Joyce, I hope you have a wonderful time in Australia, we did  
Be aware that the baggage restrictions on intra-Australia flights are very different from those on US flights and even from those on US - Australia flights.  When we were there, they allowed us only one checked bag.  But it could weigh more than 50 pounds.  Carry-ons must be smaller than US airlines allow and they weigh them at check-in.  We flew several different airlines and they all had their own regulations. To save yourself money and aggrevation, check the websites of all the airlines you'll be flying and then measure and weigh your baggage before you leave. You might even want to take a portable luggage scale with you in case you do any shopping.


----------



## Jwerking (Feb 22, 2007)

chubby said:


> I would buy them at that price there  has been sales early this month but you will not get them in school holidays time and most times they are snapped up before you get them



Thank you, Chubby, I will do that this  weekend.


----------



## Jwerking (Feb 22, 2007)

Judy said:


> Joyce, I hope you have a wonderful time in Australia, we did
> Be aware that the baggage restrictions on intra-Australia flights are very different from those on US flights and even from those on US - Australia flights.  When we were there, they allowed us only one checked bag.  But it could weigh more than 50 pounds.  Carry-ons must be smaller than US airlines allow and they weigh them at check-in.  We flew several different airlines and they all had their own regulations. To save yourself money and aggrevation, check the websites of all the airlines you'll be flying and then measure and weigh your baggage before you leave. You might even want to take a portable luggage scale with you in case you do any shopping.

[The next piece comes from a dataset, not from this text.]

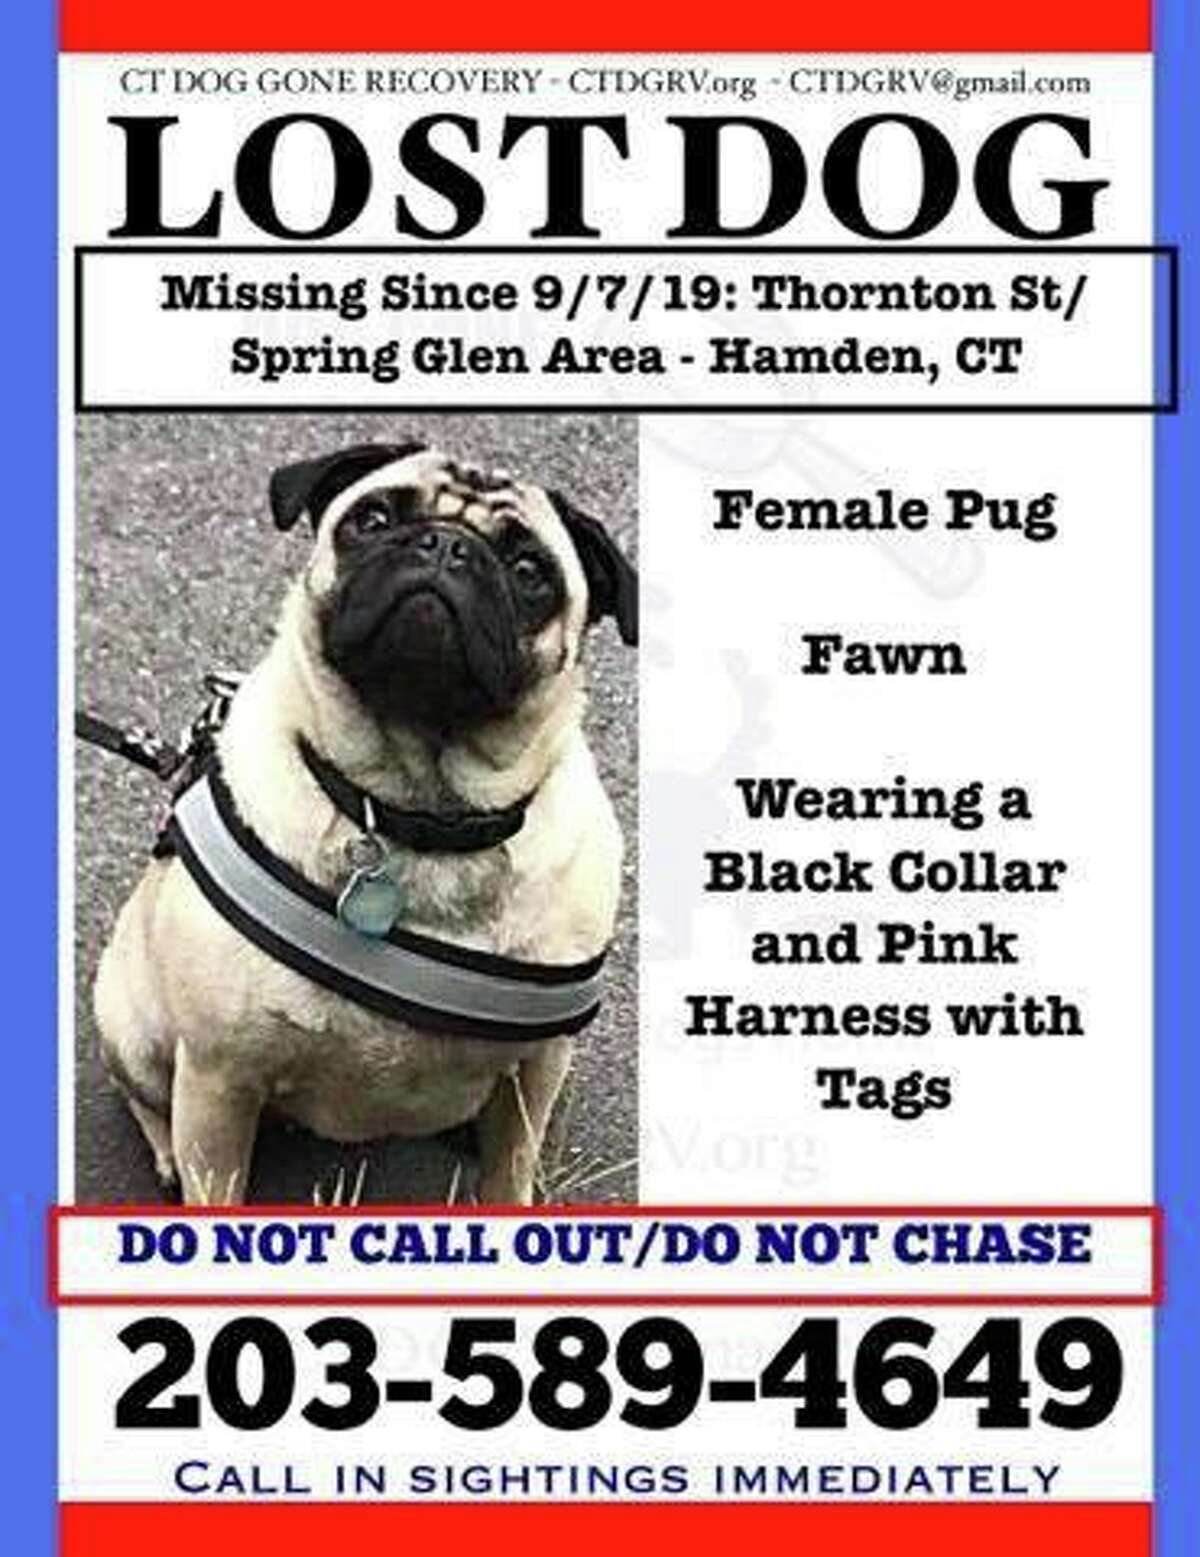 Authorities, including the North Haven police department, are looking for a pug that went missing Sept. 7, 2019 in the Thornton Street/Spring Glen area of Hamden.

Thank you for the heads up.  We called Quantas about the restrictions when my daughter left for Sydney.  The weight limits were not a problem - they were genereous - but the size limitation was an issue.  We measured the bags and they were very borderline - but no one really checked when we checked in with American Airlines in US.  I am certain that they can eyeball the bags and tell.  We were watching some people repacking bags - and looking at the size of the bag that they were emptying - I could see why - you could have fit a person into it - LOL!


----------